Biblical theology is often contrasted with systematic theology. At the risk of oversimplifying, systematic theology is like reading an encyclopedia, and biblical theology is like reading a story. The first takes individual subjects—for example, “salvation”—and tries to summarize everything Scripture says on the subject. But biblical theology traces the theme of salvation as it grows and develops across Scripture from start to finish. Biblical theology recognizes that Scripture itself is not an encyclopedia. It is a story, a true story, played out across the stage of human history. Like any story, it has a beginning, a middle, and an end, and we won’t be able to understand the story as a whole if we don’t attend to all those pieces, in sequence.

Like any good story, although the biblical narrative involves many different characters, there is a hero at the heart of it all, and the story, ultimately, is about Him. Jesus Himself is clear about this when He says that all of Scripture “bears witness about me.” 
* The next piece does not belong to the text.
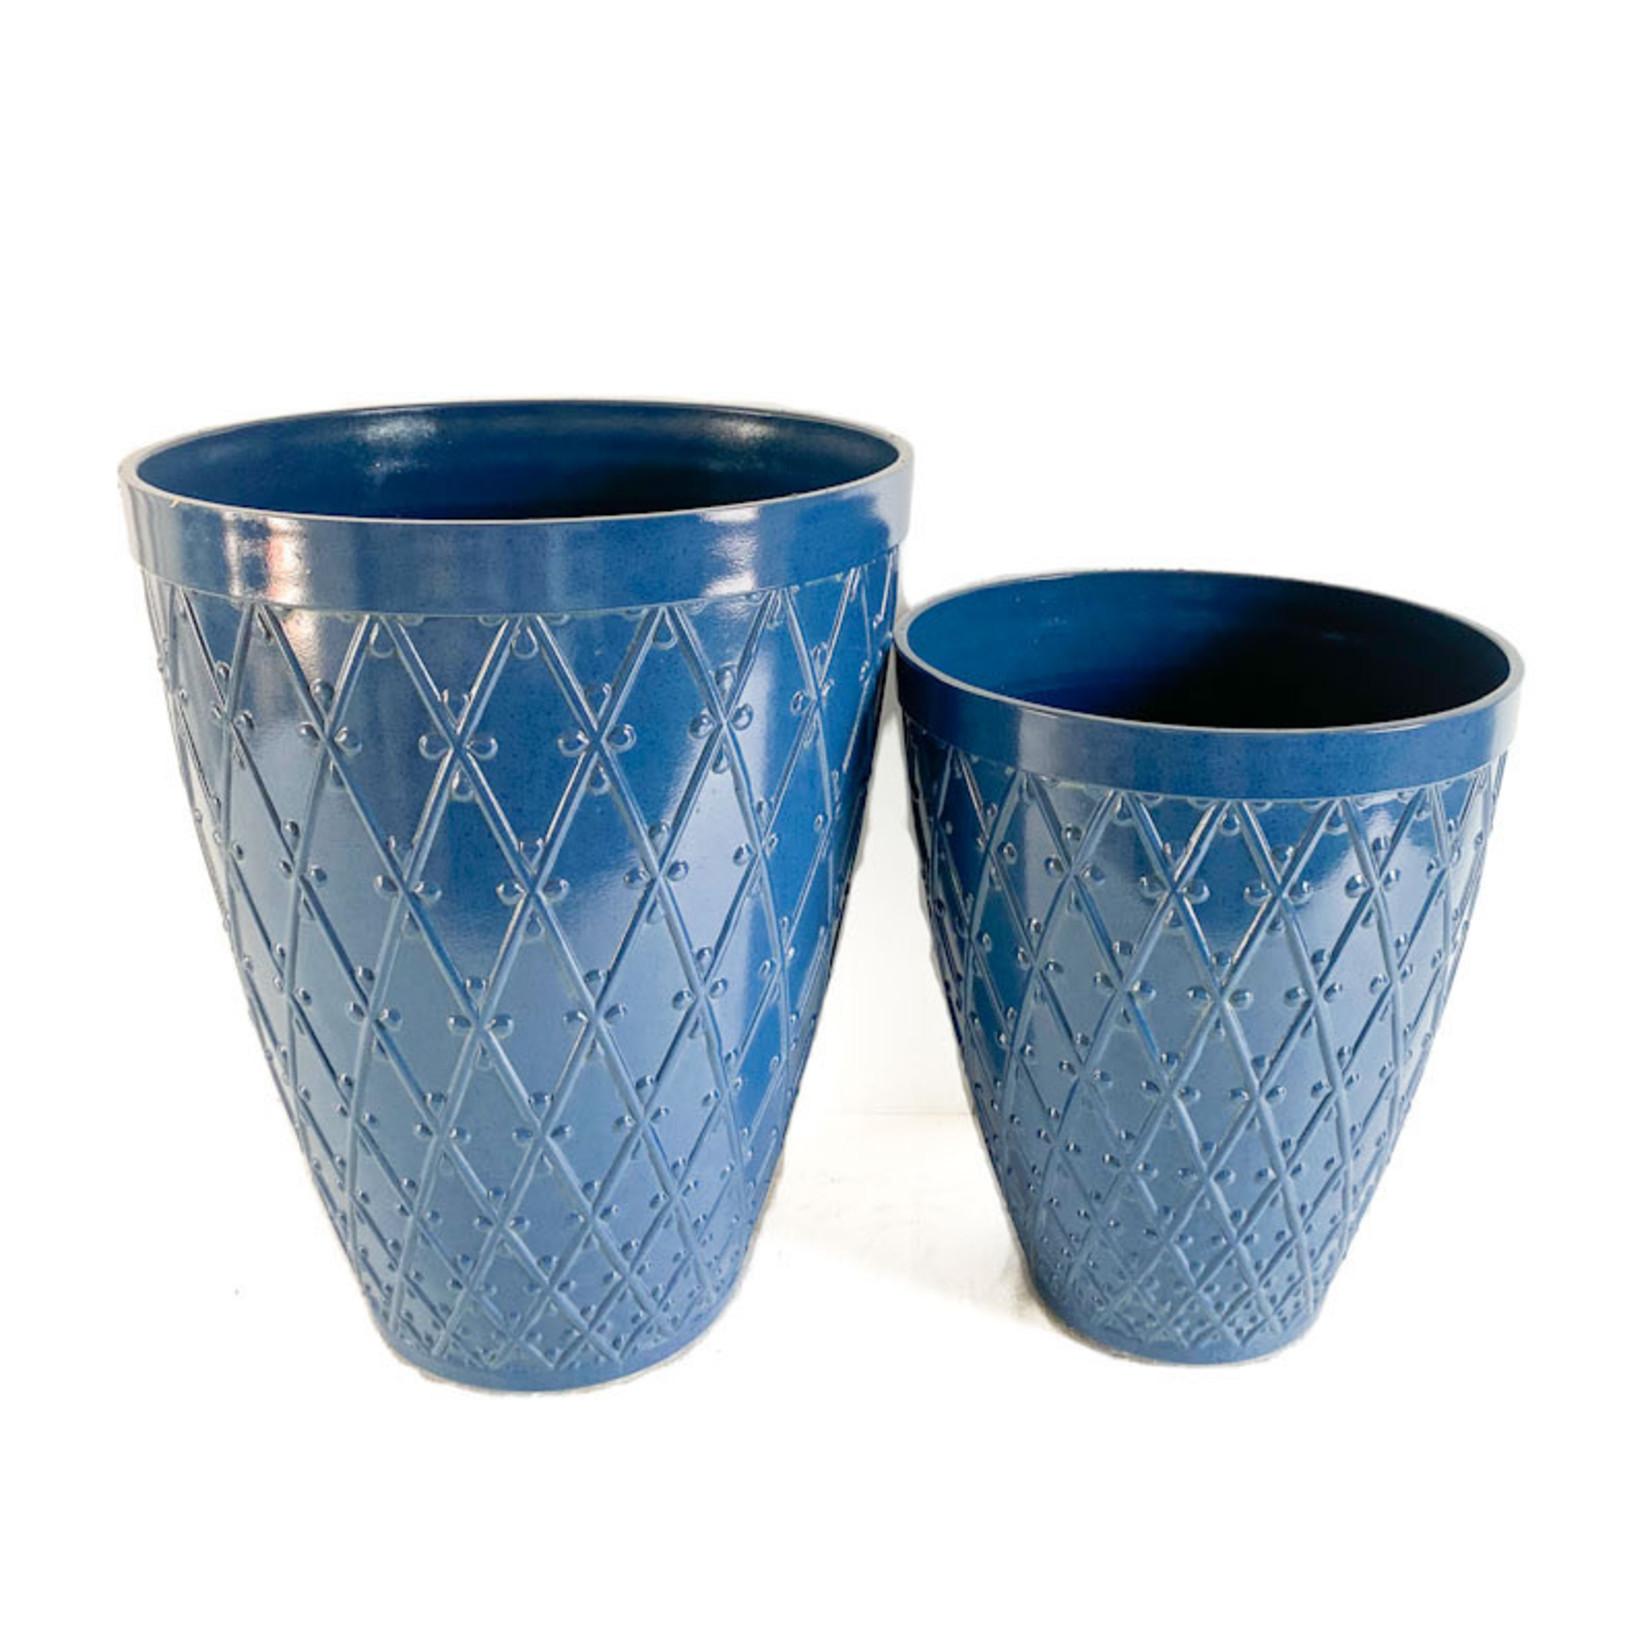 Raised Diamond Planter - Blueberry Glaze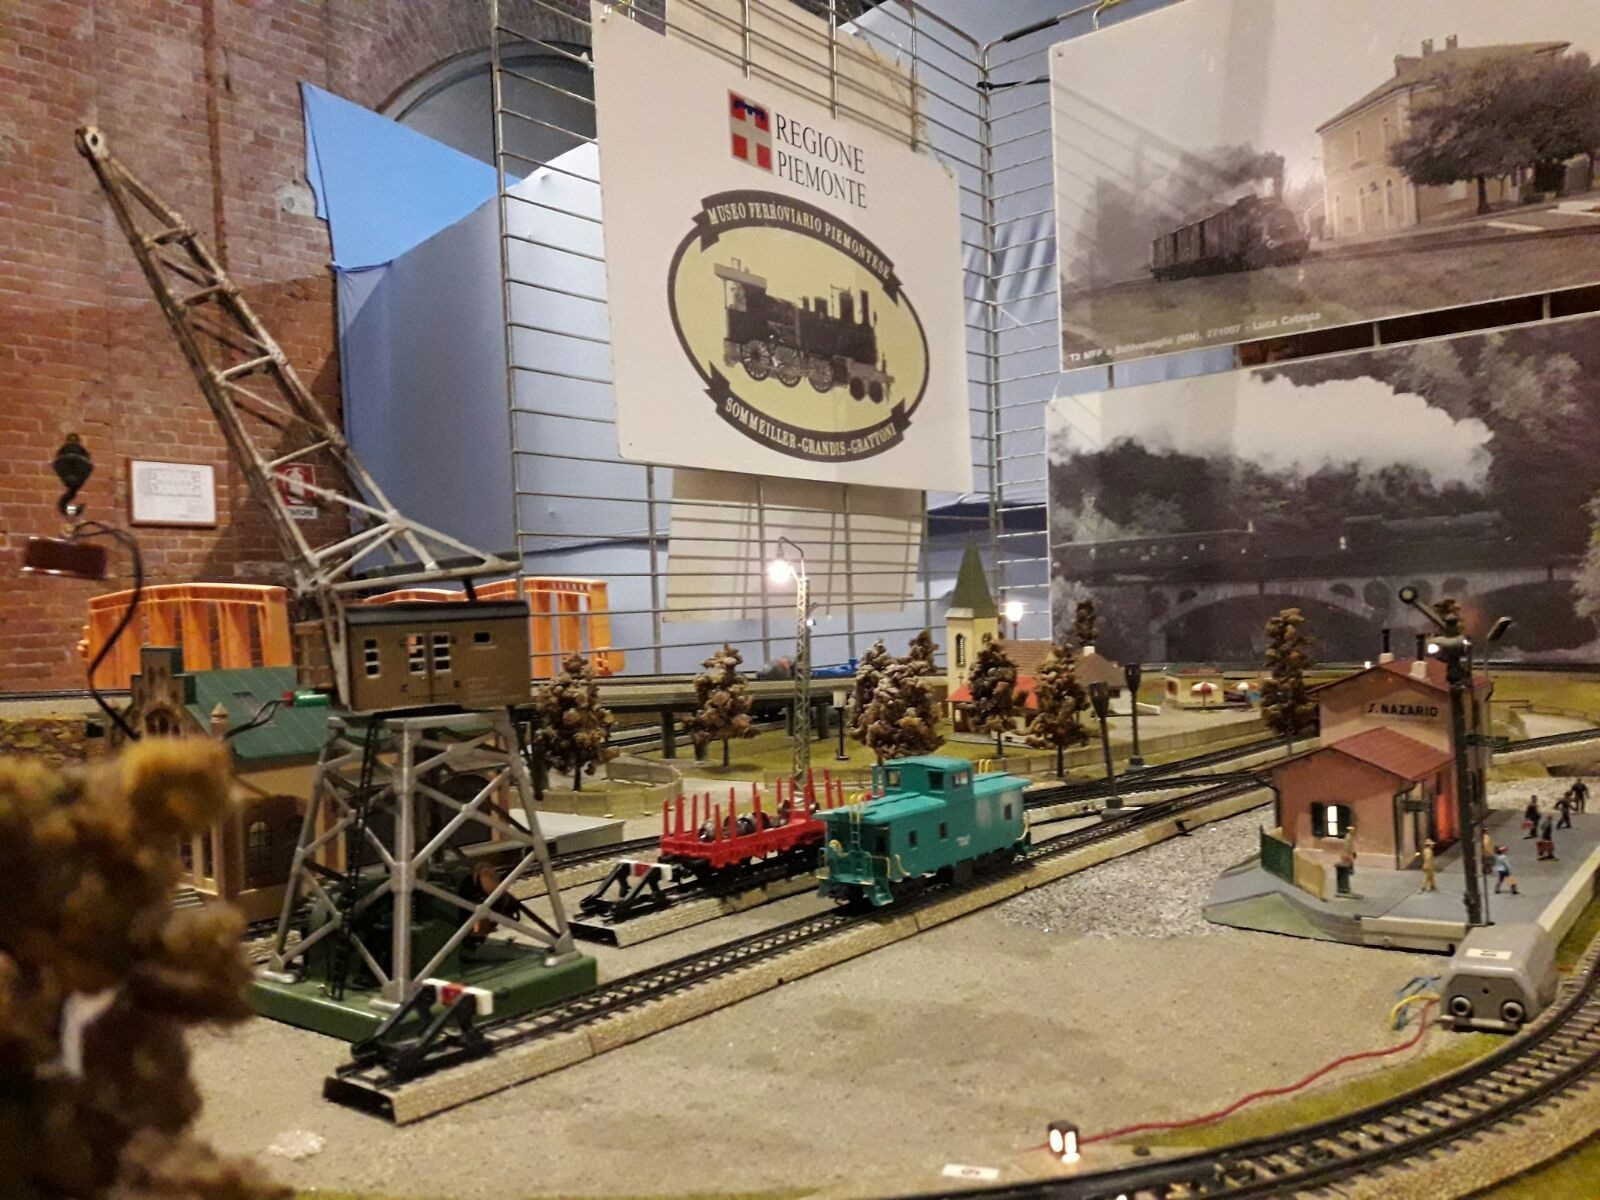 GG 5 gen arriva la befana in treno museo ferroviario piemontese

After His resurrection, Jesus shows two of His disciples (on the road to Emmaus) how all of Scripture relates directly to Him. The text says that “beginning with Moses and all the Prophets, [Jesus] interpreted to them in all the Scriptures the things concerning himself.”

Now notice that Jesus began with Moses and the Prophets. He could presumably have just pointed to Himself and said, “Don’t worry about all that old stuff. I’m here now.” But no, Jesus encourages them—and us—to begin with Moses and the Prophets. That’s because if we don’t understand the “then,” we won’t properly understand the “now” or indeed the “not yet.” That is why we do biblical theology. 

Read Scripture in this way, and you begin to see that there’s a progressive revelation at work, meaning that biblical truth becomes progressively clearer and clearer to us as the story develops. By the time we reach Revelation, we are able to see things in Genesis that we would have missed if we’d only had Genesis to go on. And we see things in Revelation we never would have seen had we not read Genesis first. As Augustine put it, “The New [Testament] is in the Old concealed; the Old is in the New revealed.” 

Perhaps it might help us to see the value of biblical theology if we think for a moment about what might happen if we neglected it. 

Let’s say I really want to understand Jane Eyre by Charlotte Brontë (amazing book, by the way). It wouldn’t work if all I did was to dip in and out of it at random spots, pointing at individual sentences and saying, “Ah, so that’s what Jane Eyre’s all about.” It would also be unwise to start reading in the middle of the book without reference to what’s gone before. My picture of who Jane is, or who Mr. Rochester is, would be seriously impaired if I’d ignored the first nineteen chapters. 

The best approach would be to read it from start to finish, to see how it unfolds as a story (that’s biblical theology). And then also, once I’ve done that, it would be good to dip in and out of it in different places to concentrate on particular themes (that would be systematic theology). 

But to make sense of the “micro,” the details, we really need to get to grips with the “macro,” the overarching story of the whole book—the way the story unfolds, chapter by chapter, with each chapter building on the one before, revealing more and more about character and plot.

So it is with Scripture. And that’s why we do biblical theology.